Smaller refrigerators could save people money while simultaneously reducing food waste. It would, of course, be tricky to fit a giant turkey or a Christmas roast into a smaller fridge. But then again, that might have the effect of reducing consumption of another big emissions driver in the American diet: meat.
Good News/Bad News
The European Parliament this week voted for their delegates at next week’s U.N. climate talks to support ending all fossil fuel subsidies at “national, EU and global levels,” in addition to tripling renewable energy and doubling energy efficiency by 2030. The vote on its own doesn’t do much, but it’s noteworthy because sometimes governments focus on that last part—increasing renewables—while shrinking from direct discussion of fossil fuels.
Stat of the Week
2.9 degrees Celsius
Even if countries completely follow through on their current pledges (a big “if”), the planet would currently be on track to warm by 2.9 degrees Celsius (5.2 degrees Fahrenheit), a new report from the U.N. Environment Program warns. For context, climate experts have previously urged nations to limit warming to 1.5 degrees Celsius. With considerable angst and regret, many have now admitted that hitting that target is unlikely. But limiting warming to two degrees—which would still cause severe and deadly disruptions—is considered an urgent priority.

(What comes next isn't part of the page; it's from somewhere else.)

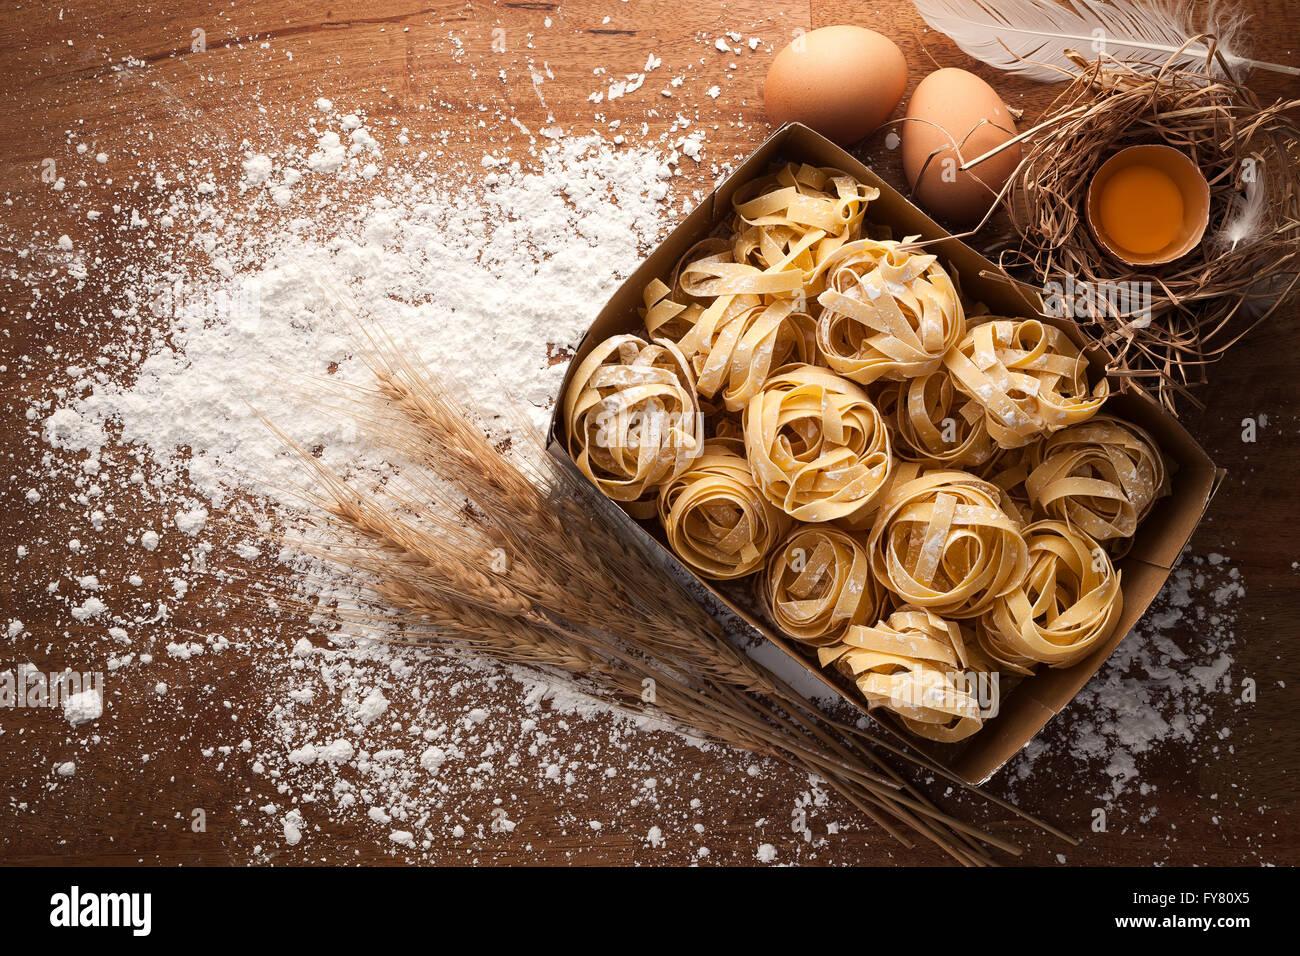 Comida italiana pasta fettuccine todavía la vida rústica madera laicos plana tagliatelle alfredo yema Imagen De Stock

Elsewhere in the Ecosystem
The EPA considers approving fruit pesticide despite risks to children, records show. Most people know, in theory, that lobbying is a force in government. But it’s a different thing to see the details. Environmental Protection Agency emails acquired by the Center for Biological Diversity show that lobbying and political pressure may have led the agency to go easy on Aldicarb, a pesticide that poses risk to children’s developing brains and has been banned in over 100 other countries. The Guardian reports:
The U.S. Environmental Protection Agency is considering approving a pesticide for use on Florida oranges and grapefruits despite the fact that agency scientists have repeatedly found the chemical does not meet safety standards designed to protect children’s health, internal agency records show.
EPA emails indicate how, for years, agency scientists have wanted to deny new uses of aldicarb, but appear to have not done so because of persistent pressure from chemical industry lobbyists, politicians, and political appointees.
The records indicate how, during the Trump administration, the agency’s Office of Pesticide Programs approved the pesticide, moving from a position favoring public health to one that critics say prioritized the interests of a North Carolina-based company called AgLogic that is seeking to expand sales of the insecticide. The EPA’s approval was later rejected by the state of Florida and a federal appeals court. Aldicarb is still, however, being considered for approval by the Biden-era EPA.